Last edited by Sarithus; 05-10-2015 at 12:58 PM.
I always get a contract, or an email agreement of some sort. It spells out the terms of the licensing and usage of the map. There's nothing special I can do to track the usage of the map outside of just searching for it, or checking up on it.
Honestly, the amount of other usage someone is going to get out of a map is very little. None of the maps I've done for books are really worth trying to sell as prints or on products. They do make great mugs for art directors who hire me as Christmas gifts.
And if someone does use a map outside of our agreement, I'd simply send them a C&D letter, and if they fail, I can always take legal action.
Here's something to note. Register your art work with the copyright office. It provides you with all the basic copyright protection you have if you don't register, which is a lot, but it also allows you to sue for any legal fees you have if you do get ripped off. You have to pay the lawyer out of your own pocket, unless they are willing to work on contingency of winning the case, but if you can recover the legal costs, you aren't out anything. And you can get a bigger settlement if you win.
In most case's a C&D letter will get the person to stop. If it does go past that, about 85% of cases are settled before they get get to a verdict because one side realizes they are screwed.
Contracts don't have to be long or complex. Most of my contracts are 1-2 pages long for something as simple as a map.
I wouldn't say he's doing it wrong, as there are better ways to do it.
For example, I'd be less inclined for a client to say, I want the map to look like this, and send me an example of someone else's map. I'm not interested in aping someone else's style.
For books, I love it when I can tie the map into the story some how, to make it seem like it could be an object from the story. Example, just did a map for a book coming out, set in Wild West Texas of 1850's where Texas Rangers hunt monsters, like vampires, sirens, skinchangers and more.
Normally I don't read the manuscript, but did this time, and the idea I came up with was a period map that looked like it was ripped out of an atlas, and that a ranger had written notes all over it, marking the locations of various monsters.

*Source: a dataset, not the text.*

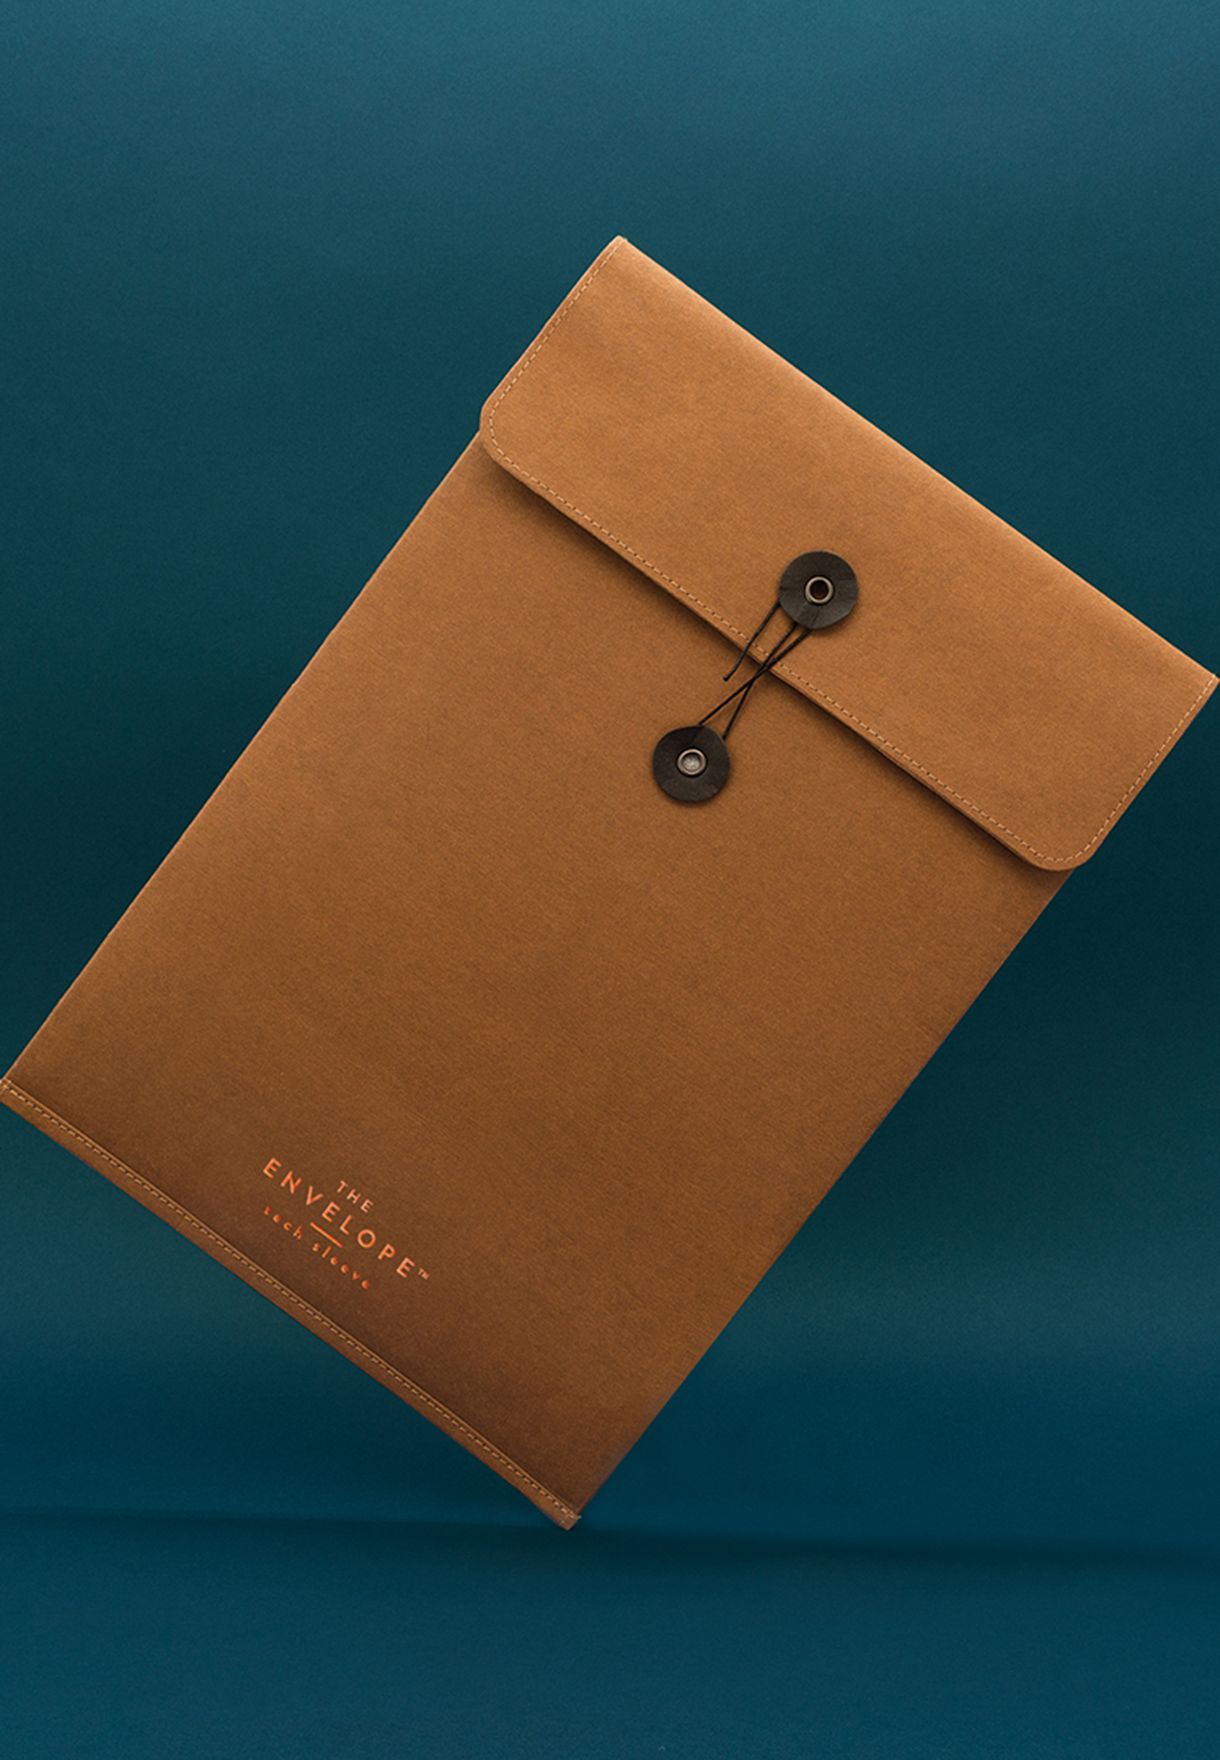 The Envelope Incognito Tech Sleeve

If I had just said, pick a style of map, I don't know if I would have gotten to that idea. I would have just executed what the client asked for.
Which is sometimes what you do. But to push things, you need to have your own voice. The map came out great. The author, who I worked directly with, and the creative director are both really really please with it. I am too, because it's more than just a map. It's an object connected to the text.
So, a commissions page can have a list of things for the client to consider, to help them fill out the information they need to provide.
If you really want to be a top notch map maker, you should be providing solutions and ideas to help elevate the map to more than what they were looking for.
That's how I personally approach it.